ChatGPT utilizes Nvidia’s iconic DGXA100 Server Board that comes with a price tag of nearly $200,000 dollars! For the price, you’re getting 8 Ampere GPUS that work together that enable ChatGPTs insanely fast and eerily human-like replies. Hopper, the next stop from Ampere, has already started to ship. While some are using it for generative AI for real-time translation and instant text-to-image rendering, there’s also the risk of generating dangerous deep fake audio, videos, and texts.
While AI and ChatGPT was generating a noticeable amount of buzz for Nvidia, this wasn’t Huang’s ONLY focus, as Amazon and others use Nvidia to power their robots in their warehouse and run simulations to replicate to flow of millions of packages each day.
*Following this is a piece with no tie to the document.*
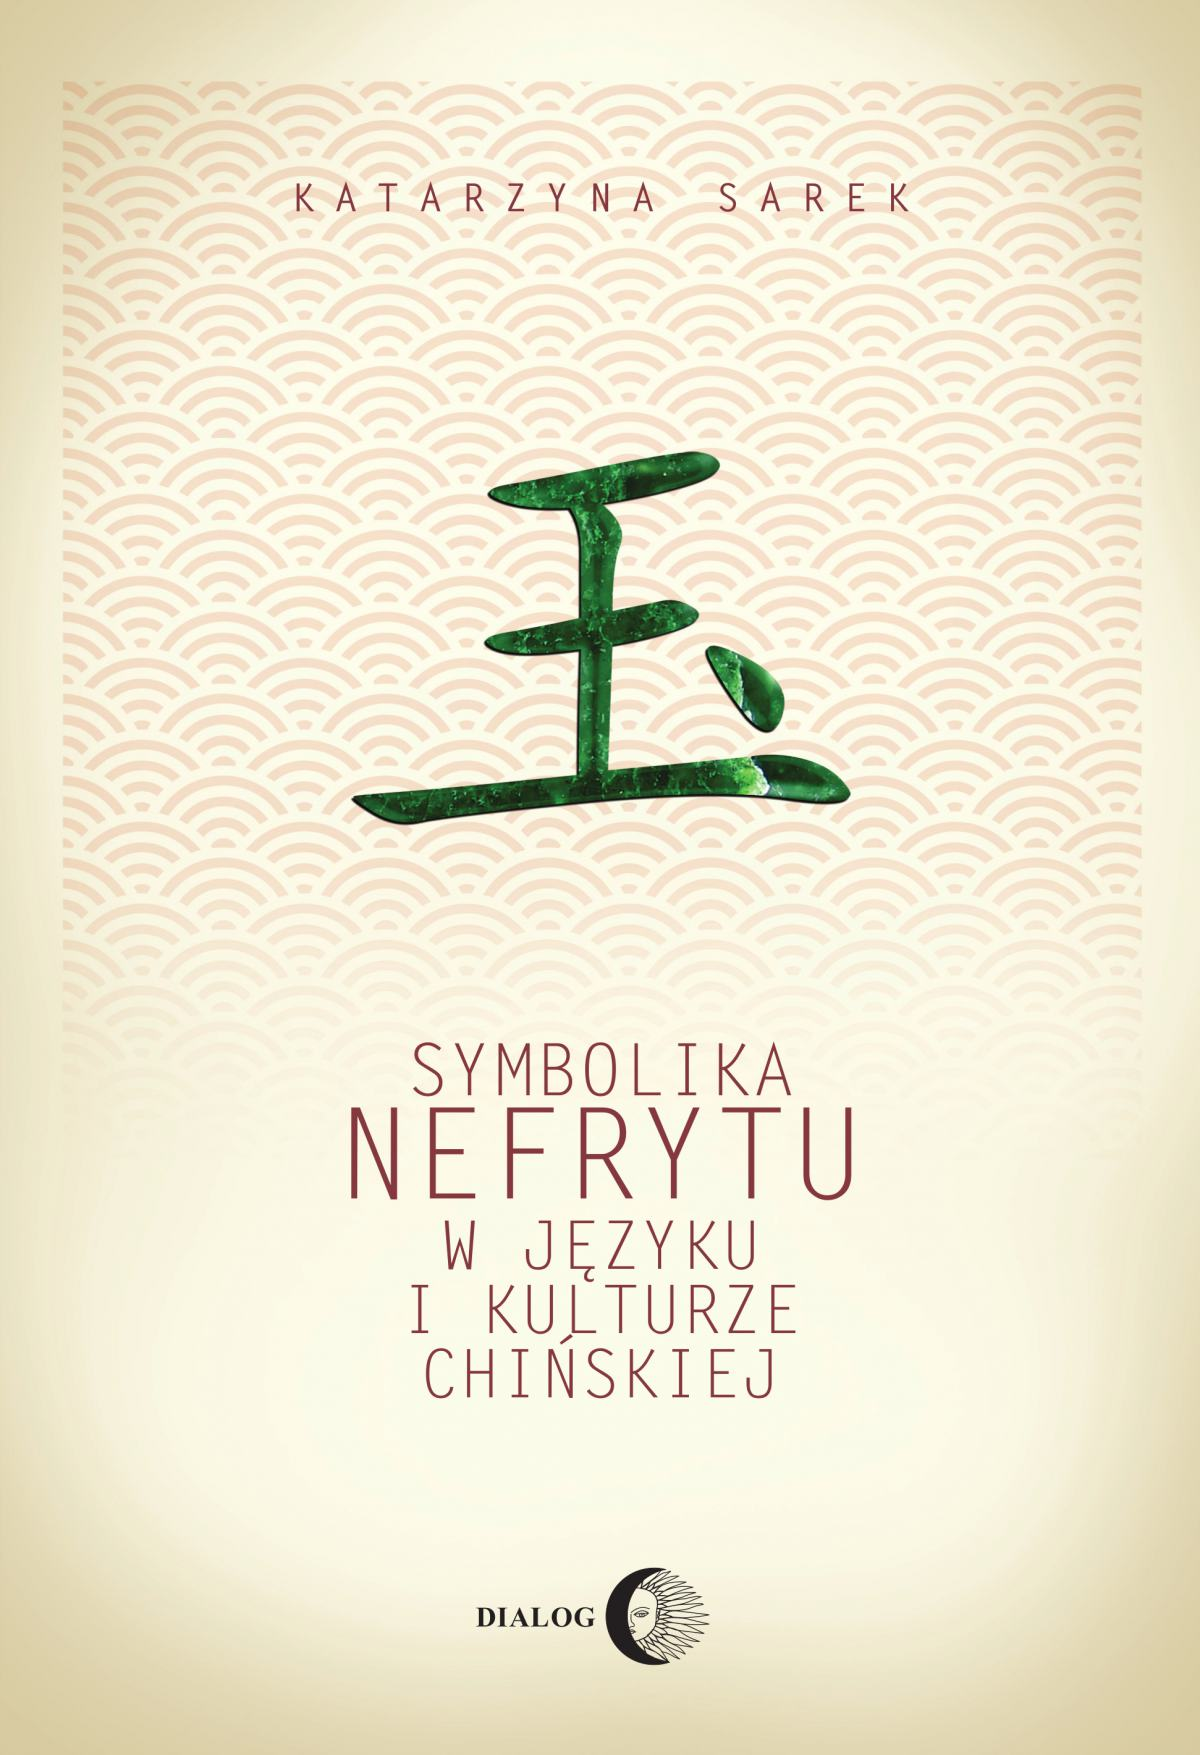 Symbolika nefrytu w języku i kulturze chińskiej - Ebook (Książka na Kindle) do pobrania w formacie MOBI

Fun fact, these robots are being powered by Nvidia’s previously flopped Tegra chips from their mobile phone era. Now these chips, apart from powering robots in Amazon, are also used in Tesla Model 3s from 2016 to 2019.
The RTX Lineup is Nvidia’s biggest move in graphics with their new Ray-Tracing Technology, which basically simulates the pathways of light with generative AI. With Ray-Tracing support for over 300 games and counting like Cyberpunk 2077, Fortnite, and Minecraft, Ray Tracing is also what makes simulations so much better where they can model how objects would behave in real-world situations. And with DLSS 3.5 On the Horizon, Nvidia appears to be on a solid path to success. All of this is a part of Nvidia called “Omniverse” which is shaping up to be Nvidia’s next big project.
With over 700 customers who are trying out Omniverse right now ranging from the automobile industry to logistics warehouses to wind turbine plants, Nvidia is pretty hyped up regarding their overall progress. All of these represent Nvidia’s core objective of merging computer graphics, AI, Robotics, and Physical Simulation, in one package.